Voilà en gros pour ce que tout le monde connaît. Alors maintenant, passons au domaine moins connu… la thérapeutique interne…

Vous vous dites que “n’importe quoi ça se mange pas”… raté, et en plus vous en avez tous déjà mangé… car l’argile est souvent utilisée comme excipient dans les médicaments. Beurk, hein?

L’utilisation de l’argile pour les troubles digestifs est bien plus complexe que son homologue cutanée. Elle est fortement contre-indiquée en cas de troubles sévères, ou tout du moins je vous conseille d’en parler avec le médecin ou le vétérinaire…

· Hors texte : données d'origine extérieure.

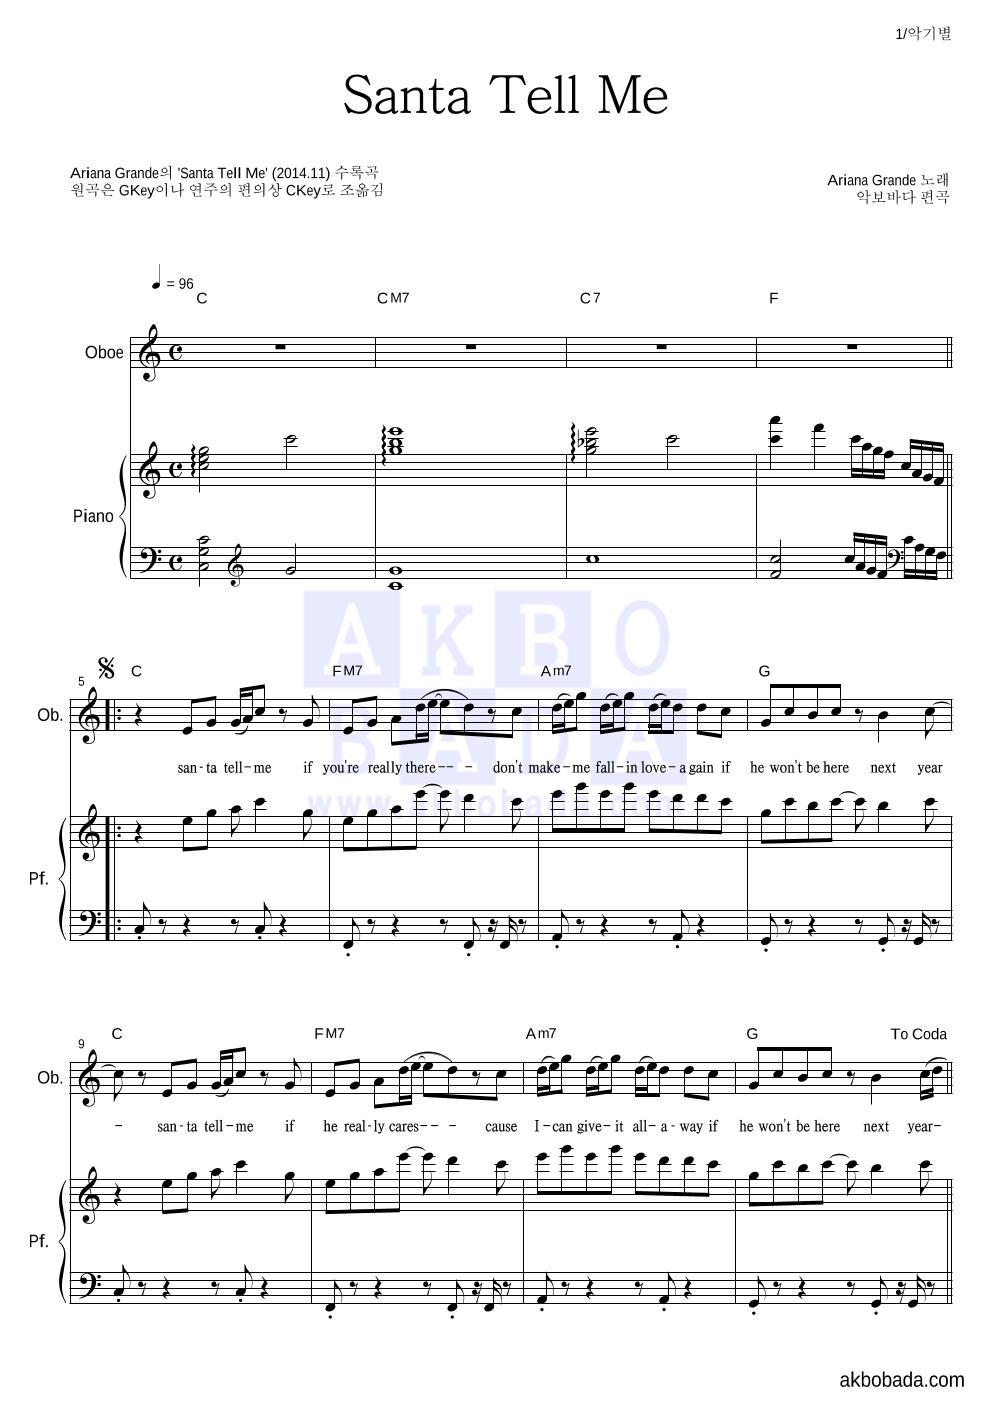 Ariana Grande - Santa Tell Me 오보에&피아노 악보

Quoi qu’il en soit il est obligatoire de beaucoup diluer l’argile avant de la boire… Vous connaissez le smecta ? Ben c’est pareil. Ca a le même goût (donc c’est infect). L’argile forme dans le tube digestif une sorte de “pansement”, et en quelque sorte imperméabilise tout ça. Il a été constaté que l’argile avait pour effet de grandement diminuer l’absorption de l’alcool par l’organisme (avis aux amateurs de balade éthylogique) mais aussi des nutriments (c’est pas une raison, mesdames, pour vous en enfiler un grand verre avant de vous jeter sur la danette).

Plus sérieusement, l’argile a la capacité de calmer les troubles inflammatoires de la muqueuse interne : brûlures d’estomac, constipation (ou son contraire), remontées acides, flatulences, etc… En gros, en cas de soupçon de désordre interne, ça peut théoriquement pas faire de mal.

Il est aussi à noter, que certains médecins utilisent l’argile en cas de saignements dûs à un ulcère (ou un truc similaire) mais je ne sais pas si ce genre de chose peut arriver à un cheval… S’il y a des vétérinaires sur le site, je serais très heureuse d’avoir des précisions !!!

Ah, et j’oubliais un détail très important : IL NE FAUT JAMAIS MÉLANGER DE L’ARGILE A DE LA PARAFFINE … donc si votre cheval a les symptômes d’une colique, ne lui en donnez surtout pas, ça ne ferait qu’aggraver dramatiquement la situation !!!!!!!!